_EXERCISE AIM_
Where does the word "thumbnail" appear in the data? Copy every line that holds it.

_RECORDS SHOWN_
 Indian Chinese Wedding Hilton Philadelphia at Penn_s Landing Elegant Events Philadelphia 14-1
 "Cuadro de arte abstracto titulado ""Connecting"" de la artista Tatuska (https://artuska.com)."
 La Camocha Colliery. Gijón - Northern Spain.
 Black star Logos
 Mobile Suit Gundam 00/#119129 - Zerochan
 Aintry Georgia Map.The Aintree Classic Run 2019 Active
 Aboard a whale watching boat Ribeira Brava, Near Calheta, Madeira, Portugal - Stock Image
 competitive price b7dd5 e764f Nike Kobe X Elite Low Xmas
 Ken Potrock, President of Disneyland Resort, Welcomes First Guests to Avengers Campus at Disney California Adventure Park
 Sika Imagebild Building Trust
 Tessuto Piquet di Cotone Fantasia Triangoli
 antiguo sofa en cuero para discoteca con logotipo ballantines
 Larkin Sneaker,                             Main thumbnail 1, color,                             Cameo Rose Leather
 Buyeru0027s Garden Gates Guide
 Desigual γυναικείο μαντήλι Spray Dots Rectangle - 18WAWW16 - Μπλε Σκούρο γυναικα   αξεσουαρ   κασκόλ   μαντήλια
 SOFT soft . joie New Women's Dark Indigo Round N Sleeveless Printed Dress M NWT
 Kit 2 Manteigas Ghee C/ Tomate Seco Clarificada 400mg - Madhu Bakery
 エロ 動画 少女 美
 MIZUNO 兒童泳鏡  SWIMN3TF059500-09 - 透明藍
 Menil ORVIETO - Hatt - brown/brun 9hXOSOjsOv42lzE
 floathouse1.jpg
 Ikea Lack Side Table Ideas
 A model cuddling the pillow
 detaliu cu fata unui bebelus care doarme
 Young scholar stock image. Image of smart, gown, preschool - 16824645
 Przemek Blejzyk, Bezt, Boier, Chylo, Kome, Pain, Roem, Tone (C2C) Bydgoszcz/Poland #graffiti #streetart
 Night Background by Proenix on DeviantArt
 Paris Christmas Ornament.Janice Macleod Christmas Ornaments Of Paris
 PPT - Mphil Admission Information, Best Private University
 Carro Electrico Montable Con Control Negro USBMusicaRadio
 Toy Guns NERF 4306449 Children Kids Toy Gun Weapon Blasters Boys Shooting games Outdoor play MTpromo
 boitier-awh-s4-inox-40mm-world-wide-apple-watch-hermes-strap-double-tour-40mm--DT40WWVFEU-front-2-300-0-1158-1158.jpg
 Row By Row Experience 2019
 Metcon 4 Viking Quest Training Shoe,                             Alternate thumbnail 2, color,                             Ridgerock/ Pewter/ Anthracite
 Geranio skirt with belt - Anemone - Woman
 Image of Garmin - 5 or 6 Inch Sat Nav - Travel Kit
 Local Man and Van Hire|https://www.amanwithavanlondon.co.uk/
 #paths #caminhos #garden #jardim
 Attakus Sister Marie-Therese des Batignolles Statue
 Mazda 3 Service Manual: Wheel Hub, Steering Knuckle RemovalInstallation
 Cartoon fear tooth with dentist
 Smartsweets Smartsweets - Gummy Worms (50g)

_RESPONSE TO THE TASK_
 Larkin Sneaker,                             Main thumbnail 1, color,                             Cameo Rose Leather
 Metcon 4 Viking Quest Training Shoe,                             Alternate thumbnail 2, color,                             Ridgerock/ Pewter/ Anthracite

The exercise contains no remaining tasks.